To access a site, recipts are issued by centipaid and are used to track
valid payments. This information is captured and processed by the
Apache::Centipaid module. The information is then stored locally to
any SQL database installed. The module relies on DBD/DBI interface
so as long as the database has a DBD interface installed under Perl,
and utilizes SQL to make queries and inserts, then you should be able
to maintain and track your receipts.
B<How does it work?>
A user visits a website, or a section with a site, that requieres an
accecss fee. The webserver will intercept the request, and realize that
the user has not made a payment, and hence they are directed to
centipaid.com to pay for access. Centipaid will inform the user what
they are paying for in a standard language, along with the fee associated
with the access, and the duration of the granted access.
If the user agrees to the terms, s/he proceeds to select an electronic
stamp from his computer that has enough funds to pay for the access.
Centipaid will autheticate the stamp, deduct the access fee, and issue the
user a receipt number. The user will see a receipt on his page that
re-iterates the terms, amount paid, and internet stamp balance. A link will
be also available for the user to click on to be transported back to the
page they came from, along with the receipt number. Once the user makes
a payment, they are shown the amount paid, the balance left on the card,
and a link back to the page they were trying to access. Once they press
the link, they are forwarded back to the initial page they tried to
access.
At this stage, Apache::Centipaid realizes that a rececipt is being submited
as payment. It takes the receipt number and autheticates with centipaid's
receipt server to insure that the receipt is a valid one, and that the
proper funds have been paid.
If the rececipt is valid, then the information is stored locally.
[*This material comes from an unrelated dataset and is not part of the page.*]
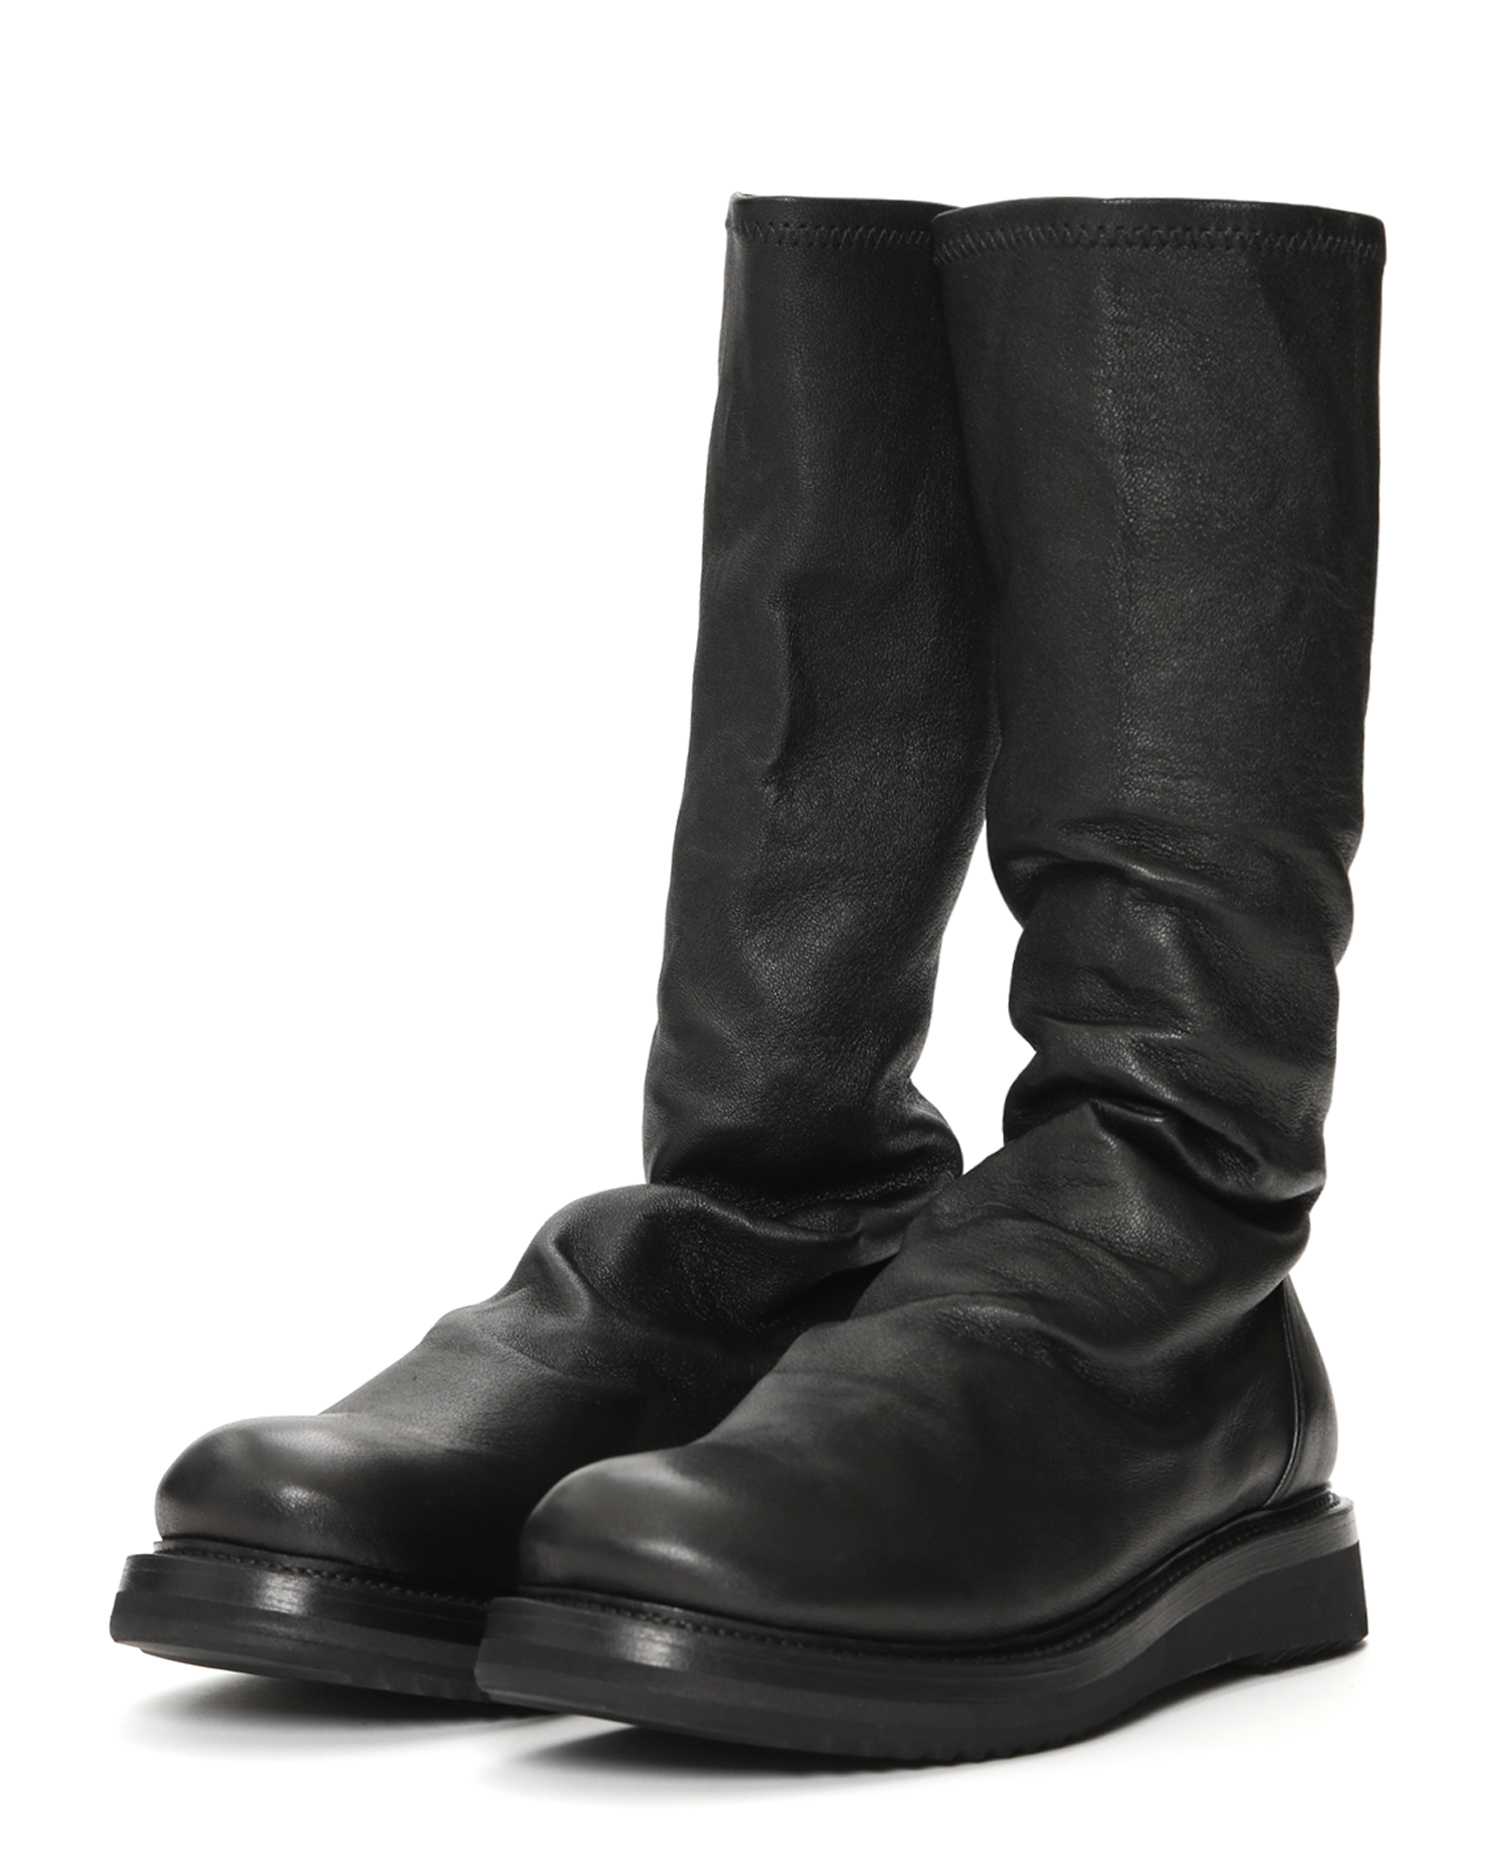 Sisyphus Leather Sock Boots
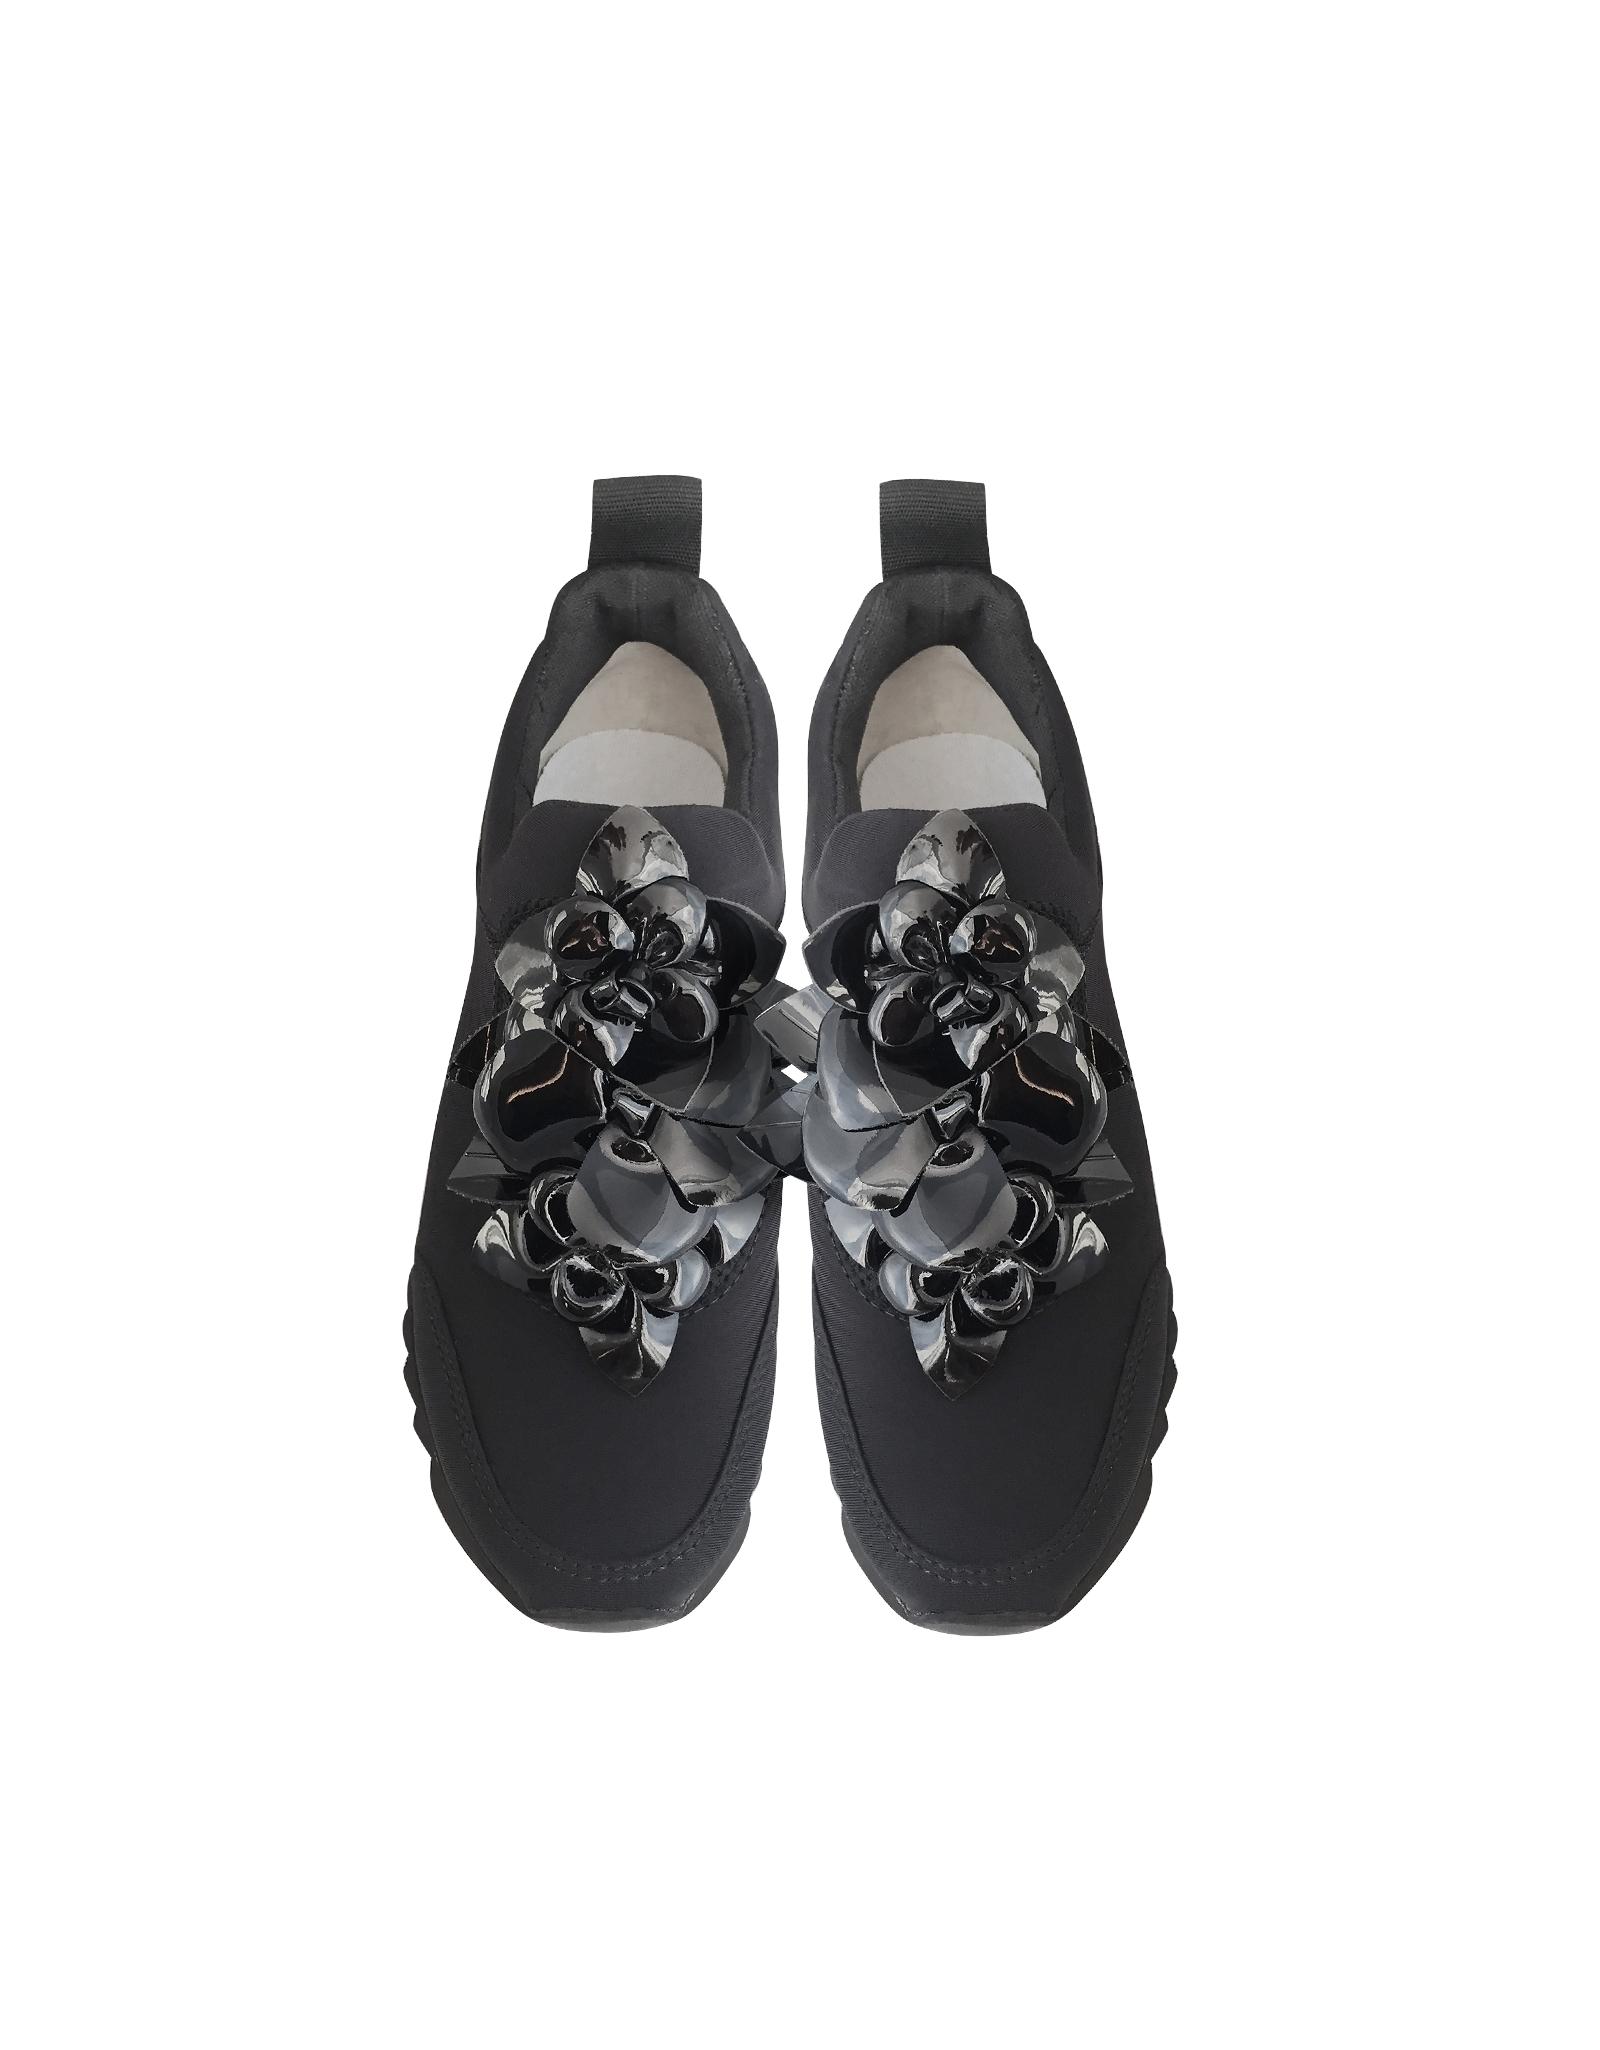 db1a6e7741cbf Lyst - Tory Burch Blossom Black Neoprene Sneaker in Black

The
information stored included the ip of the client (for optional enforcment
of payment tied to ip), amount paid, date of transaction, expiry date,
and the zone the payment covers. And since centipaid micropayment system
is designed to allow users to pay without having to provide username,
password or any other payment information other than the recipt
number, it makes the process easy to manage and neither the payer or
payee have to worry about financial information falling into the wrong
hands.
B<How do we track payments?>
When a user makes a payment, the Apache::Centipaid module inserts a cookie
that contains the receipt number, and it sets the expiry of the cookie
based on the payment B<duration> specified in the configuration file.
Everytime a user visits protected areas in a site, the cookie is
inspected, and if it exists it is matched with the receipt database. if
it is found, and the expiry date has not been met, then they are granted
access. If the receipt is non existent, or past its expiry date, the
user is prompted to make payment again.
Please reffer to centipaid.com for the most updated version of this
module, since other methods of tracking payment may be available.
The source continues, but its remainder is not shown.